I'm currently trying to submit a job training on Google Cloud ML with the Facenet (a Tensorflow library for face recognition). I'm currently trying this (link is here) part of the library where it does the training for the model.
Going to Google Cloud ML, I'm following this tutorial (link is here) where it teaches you how to submit a training.
I was able to successfully submit a job training to Google Cloud ML but there was an error. Here are some pictures of the errors:
And here's an error from the Google Cloud Jobs logs
Here are more detailed pictures on Google Cloud Job logs
Submitting a job request was a success and it was even waiting for Tensorflow to start but right after that there's that error.

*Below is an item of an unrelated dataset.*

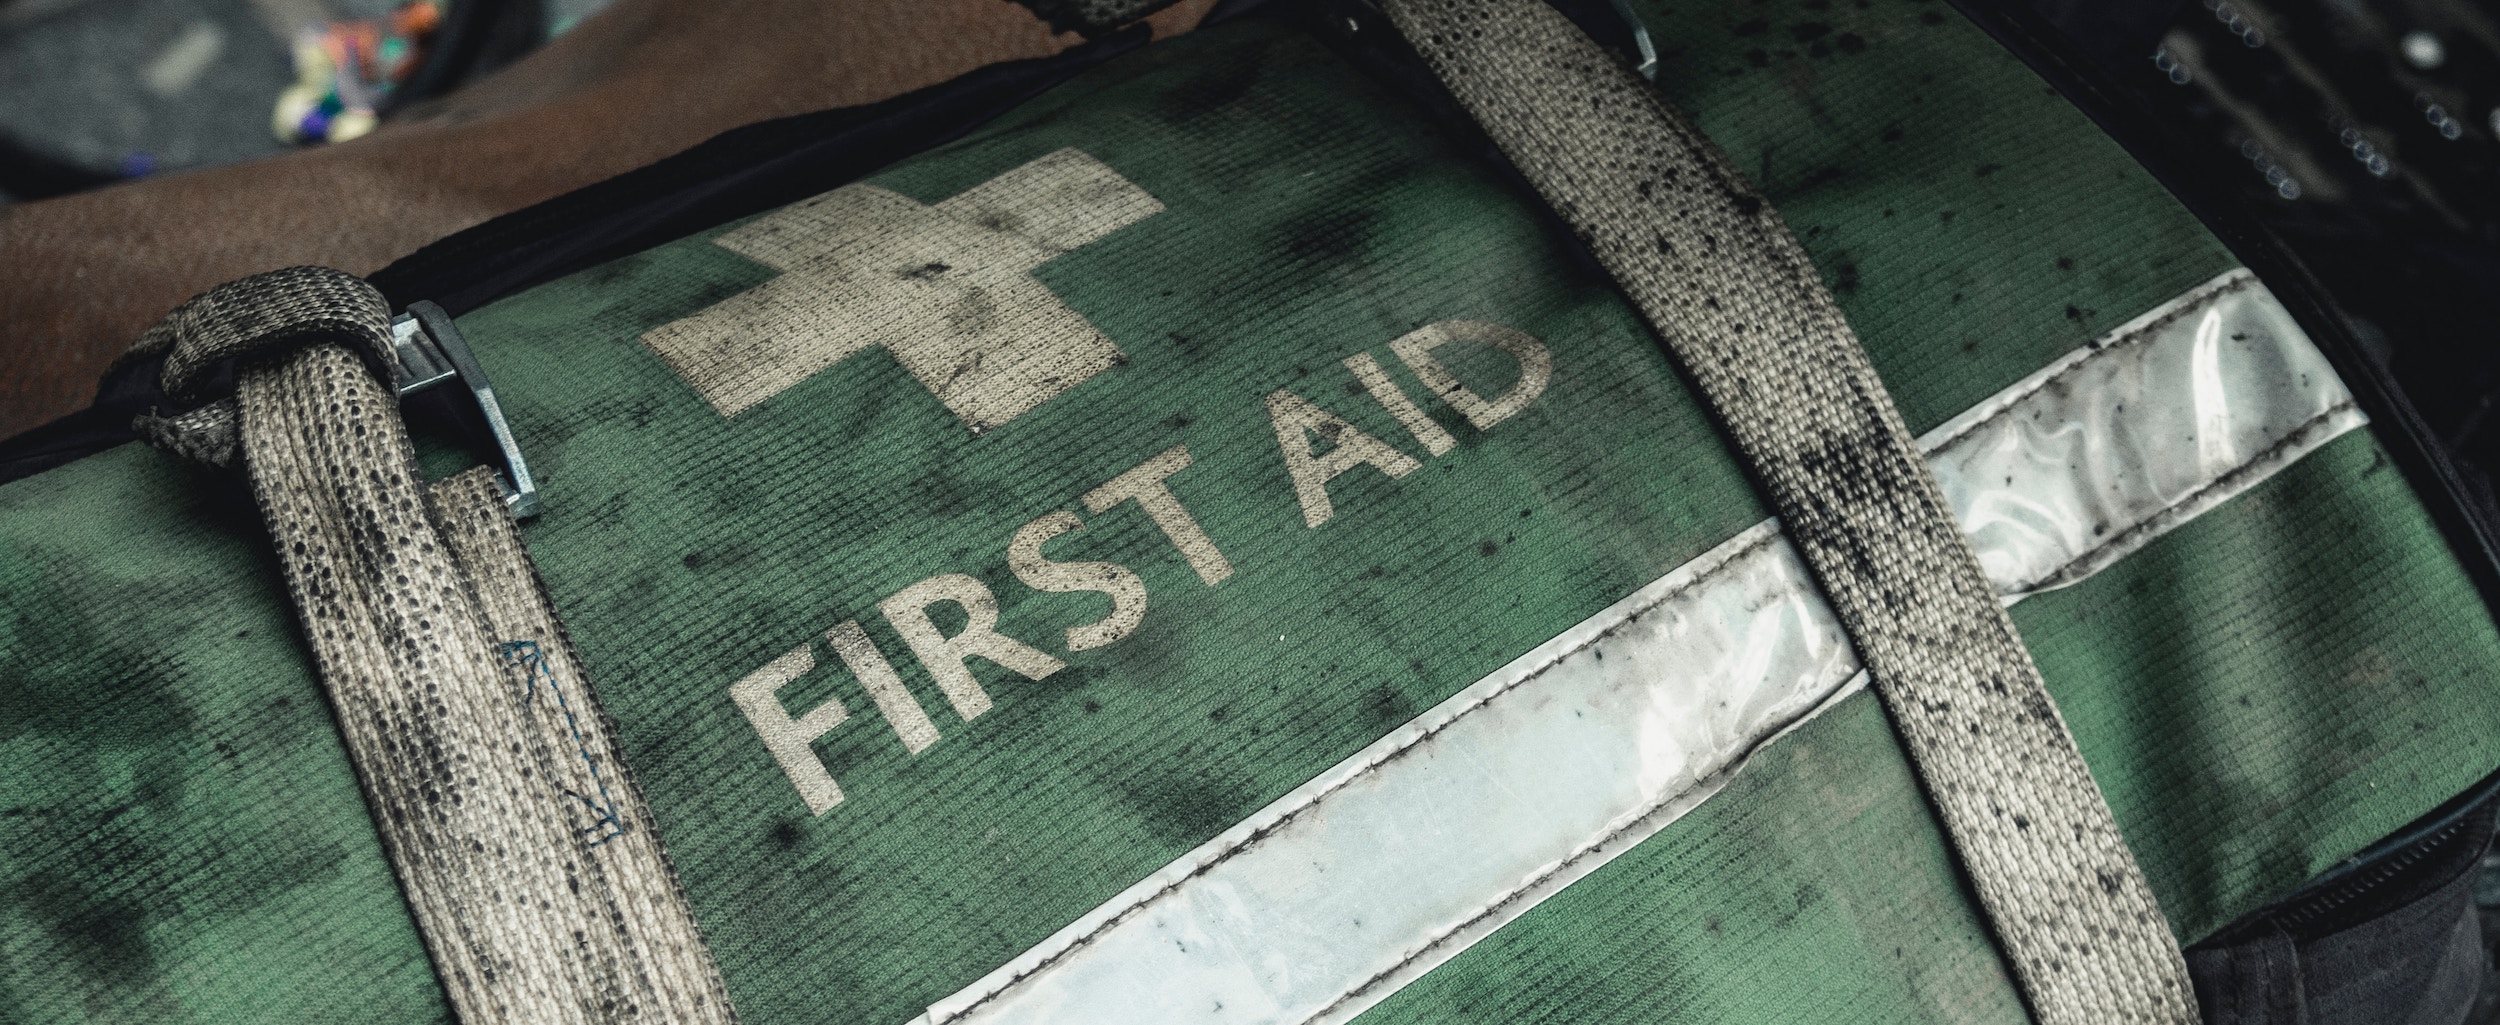 First-Aid Certification

The commands I used to run this is here:
gcloud ml-engine jobs submit training facetraining_test4 \
--package-path=/Users/myname/Documents/projects/tf-projects/facenet/src/ \
--module-name=/Users/myname/Documents/projects/tf-projects/facenet/src/facenet_train_classifier.py \
--staging-bucket=gs://facenet-training-test \
--region=asia-east1 \
--config=/Users/myname/Documents/projects/tf-projects/facenet/none_config.yml \
-- \
--logs_base_dir=/Users/myname/Documents/projects/tf-projects/logs/facenet/ \
--models_base_dir=/Users/myname/Documents/projects/tf-projects/models/facenet/ \
--data_dir=/Users/myname/Documents/projects/tf-projects/facenet_datasets/employee_dataset/employee/employee_maxpy_mtcnnpy_182/ \
--image_size=160 \
--model_def=models.inception_resnet_v1 \
--lfw_dir=/Users/myname/Documents/projects/tf-projects/facenet_datasets/lfw/lfw_mtcnnpy_160/ \
--optimizer=RMSPROP \
--learning_rate -1 \
--max_nrof_epochs=80 \
--keep_probability=0.8 \
--learning_rate_schedule_file=/Users/myname/Documents/projects/tf-projects/facenet/data/learning_rate_schedule_classifier_casia.txt \
--weight_decay=5e-5 \
--center_loss_factor=1e-4 \
Any suggestions on how to fix this? Thanks!